Sue Paterno painted the Nittany Lion shrine Syracuse orange.
In 1966, Joe Paterno’s first season as head football coach at Penn State University, Joe’s wife enlisted the wives of assistant coaches to paint the famed statue on the Penn State campus orange, the color of hated rival Syracuse University.
Sue wanted to unite students and fans behind her husband’s team. Penn State lost that game but JoePa’s influence has been felt from Happy Valley to Syracuse ever since.
Paterno, head coach of the Penn State football team for the past 46 seasons, was laid to rest Wednesday in a private ceremony amongst family, friends and former players as mourners lined the streets of State College, Pa.
He was 85 years old.
Paterno passed away last Sunday following a brief battle with lung cancer.
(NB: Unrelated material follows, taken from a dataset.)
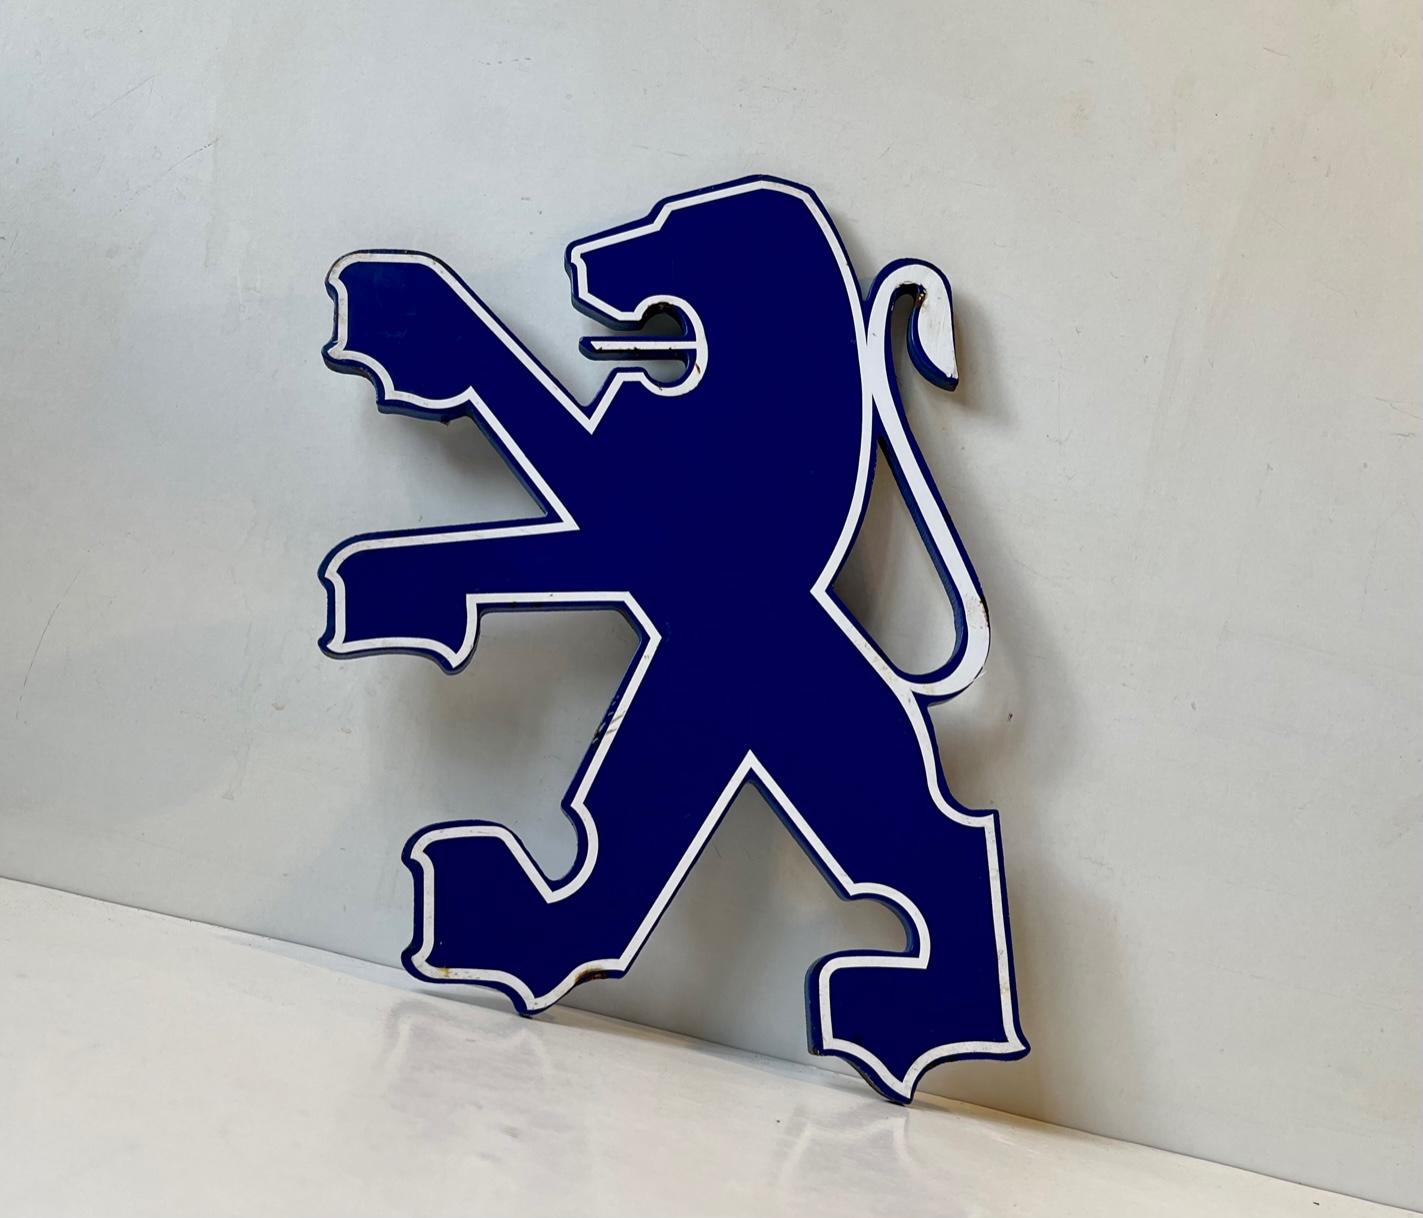 Late 20th Century Blue Lion, Vintage Enamel Sign from Peugeot France

His death came just two-and-a-half months after being fired by Penn State’s Board of Trustees for his role in the 50-plus counts of child sex abuse levied against former assistant coach Jerry Sandusky.
Since the scandal broke this past fall, there have been countless articles and opinion pieces defending Paterno’s legacy or decrying his failure to defend the defenseless.
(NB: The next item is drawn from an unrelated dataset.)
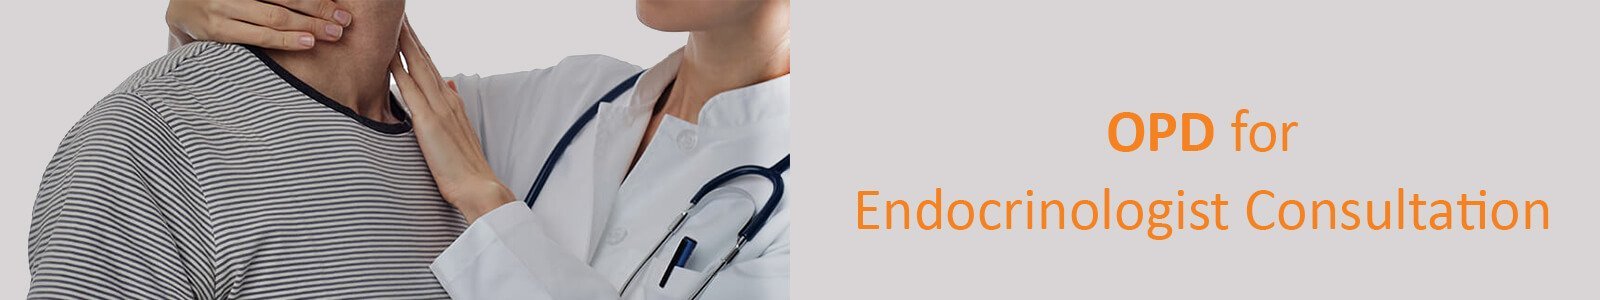 OPD for endocrinologist consultation

Penn State alumni on SU’s campus believe that Paterno’s mistakes should not be all that define his legacy.
“I don't think his role in the Sandusky scandal should overshadow the 62 years of good work he did for the university,” said Professor Brad Gorham, chair of the communications department at the S.I. Newhouse School of Public Communications and a class of 1990 Penn State graduate, via email. “But it cannot and should not be forgotten.”
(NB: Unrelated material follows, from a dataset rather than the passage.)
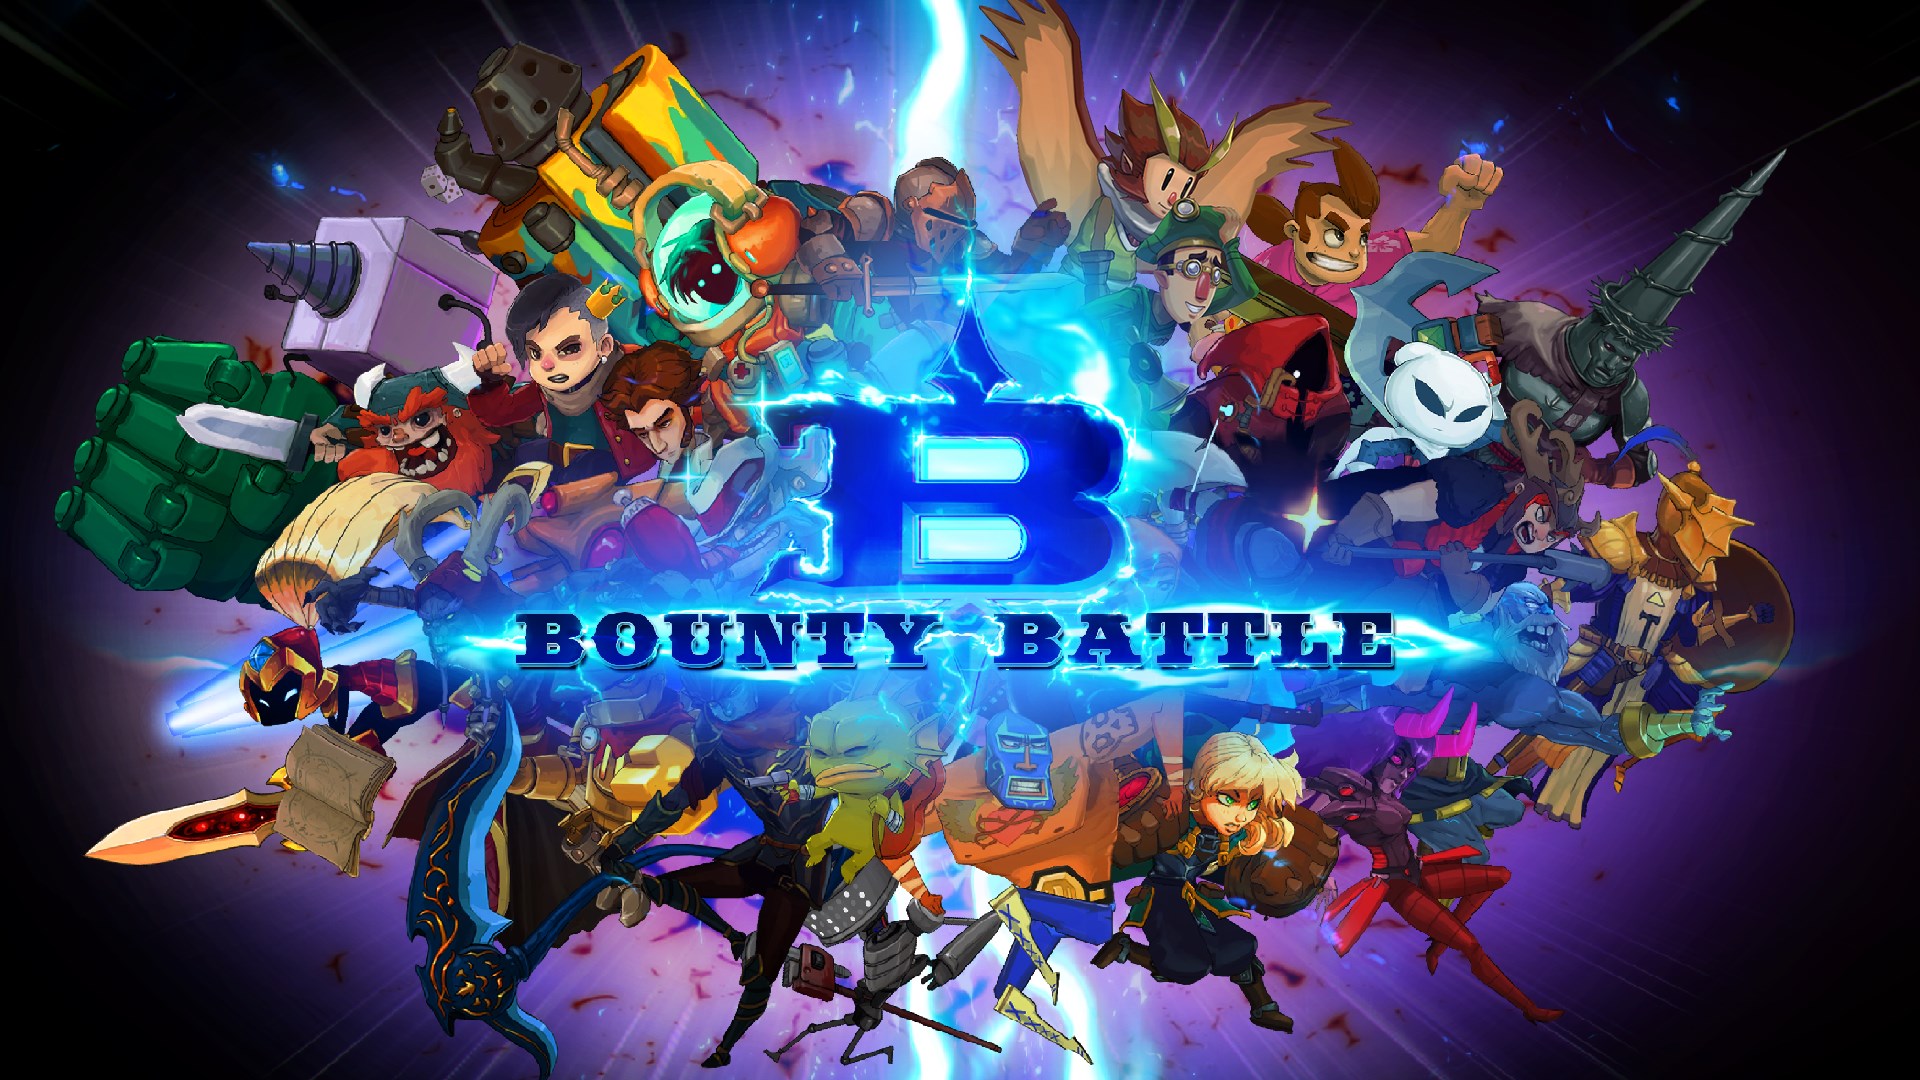 Video For Bounty Battle Is Now Available For Digital Pre-order And Pre-download On Xbox One

Sarah Desantis, an arts journalism graduate student at Newhouse and 2010 Penn State graduate echoed Professor Gorham’s thoughts.
“You have to keep in mind that Joe Paterno was at the school for over 60 years before the scandal,” DeSantis said. “I saw firsthand the benefit of his charitable donations at the library and through the Paterno Fellows program.”
Paterno will be remembered by Penn State graduates as the mild mannered man on campus who’d casually say hello to them as he passed.
“He really was genuine when it came to caring about academics and his role as a mentor of young people," Gorham said. "He really did not care about the fame or the money."
“In his tenure, [Paterno] tried to set an example of modesty and humility,” Desantis added. “He lived in a middle-class house, drove a car that wasn't any nicer than what I have and walked to work on a regular basis.”
Despite six decades of service to Happy Valley, Paterno will be remembered foremost for what he didn’t do — not for the two national championships, the four undefeated teams or the library that bears his name.
In his recent and final interview with Sally Jenkins of the Washington Post, Paterno said of the sex abuse scandal, “In hindsight, I wish I had done more.”
“I think he really was so old-school that people of his generation just didn't talk about that kind of stuff,” Gorham said. “Some people dismiss that and say ‘How could an 85 year-old man not know about that?’ But I think there is a real generational difference.”
Last Sunday, on a bitter cold winter day, students, faculty and community members gathered around Paterno’s statue outside of Beaver Stadium to mourn their fallen leader. They laid flowers and letters at the foot of his statue, lit candles and sang the alma mater.
On a stonewall behind the statue, under his name, hang three words in gold lettering, “Educator” “Coach” and “Humanitarian.”
“I hope he is remembered as a good man who spent most of his life doing good things for his university and for the young men he had a chance to influence, who also made one serious, tragic error in judgment,” Gorham said.